Asymptotic Problems in Fluid Mechanics and Gas Dynamics

流体力学和气体动力学中的渐近问题

• 批准号: 0100946
• 负责人: Nader Masmoudi
• 金额: $ 9.3万
• 依托单位: New York University
• 依托单位国家: 美国
• 项目类别: Standard Grant
• 财政年份: 2001
• 资助国家: 美国
• 起止时间: 2001-06-01 至 2005-05-31
• 项目状态: 已结题
• 来源: https://www.nsf.gov/awardsearch/showAward?AWD_ID=0100946&HistoricalAwards=false
• 关键词: Asymptotic; Problems; Fluid; Mechanics; Gas

This proposal is about the study of some asymptotic problemsin Fluid Mechanics and Gas Dynamics. Asymptotic problems arise when a dimensionless parameter epsilon goes to zero in an equation describing the motion of some type of fluid (or any other physical system). Many mathematical problems are encountered when we try to justify the passage to the limit, which are mainly due to the change of the type of the equations, the presence of many spatial and temporal scales, the presence of boundary layers (we can no longer impose the same boundary conditions for the initial system and the limit one), the presence of oscillations intime at high frequency .... In this Proposal, the PI intends to study (among other problems)the hydrodynamic limit of the Boltzmann equation, the compressible-incompressible limit, These asymptotic problems allow us to get simpler models at the limit, due to the fact that we usually have fewer variables or (and) fewer unknowns. This simplifies the numerical simulations and improves our understanding of the prevailing phenomenon when the parameter is small, in fact, instead of solving the initial system, we can solve the limit system and then add a corrector.

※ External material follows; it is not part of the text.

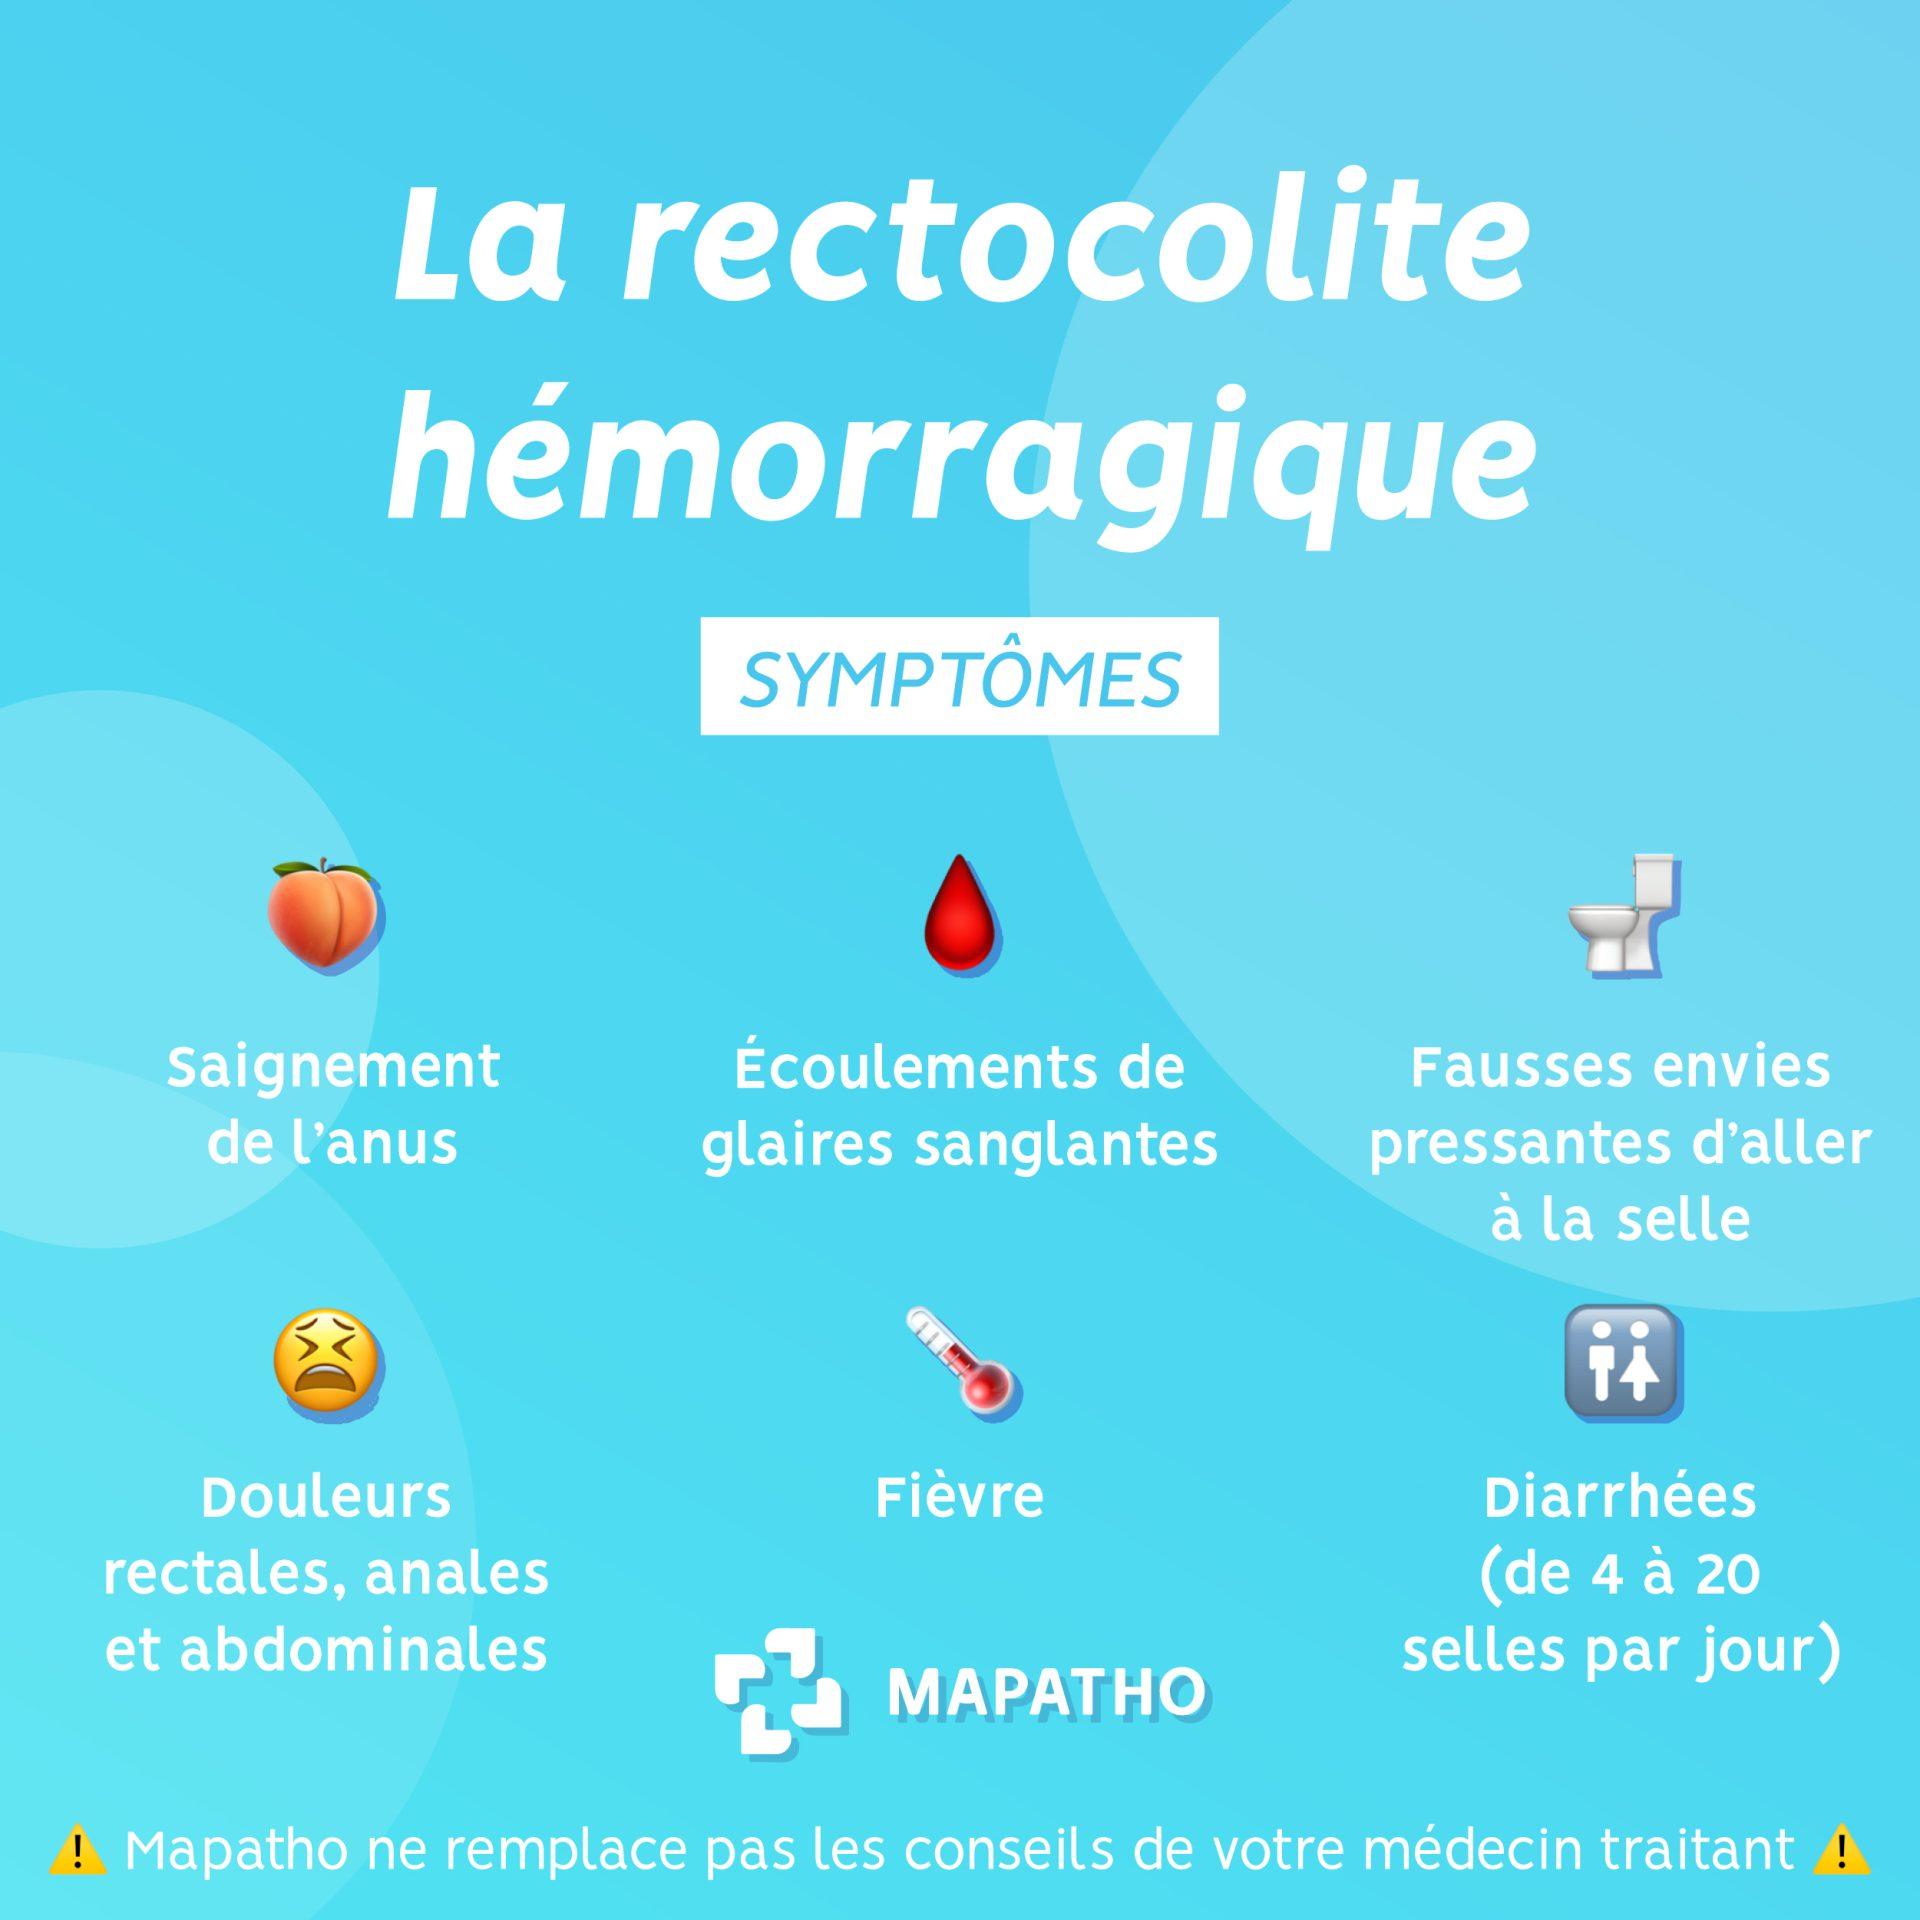 Les symptomes de la rectocolite hemorragique

这个建议是关于流体力学和气体动力学中的一些渐近问题的研究。当描述某种类型的流体(或任何其他物理系统)运动的方程中的无量纲参数epsilon趋于零时，就会出现渐近问题。当我们试图证明达到极限时，会遇到许多数学问题，这些问题主要是由于方程类型的变化，许多空间和时间尺度的存在，边界层的存在(我们不能再对初始系统和极限系统施加相同的边界条件)，以及高频时间振荡的存在。在这个建议中，PI打算研究Boltzmann方程的流体力学极限，即可压缩-不可压缩极限，这些渐近问题允许我们在极限处得到更简单的模型，因为我们通常有更少的变量或(和)更少的未知数。这简化了数值模拟，提高了我们对参数较小时的普遍现象的理解，实际上，我们可以不求解初始系统，而是求解极限系统，然后添加一个校正器。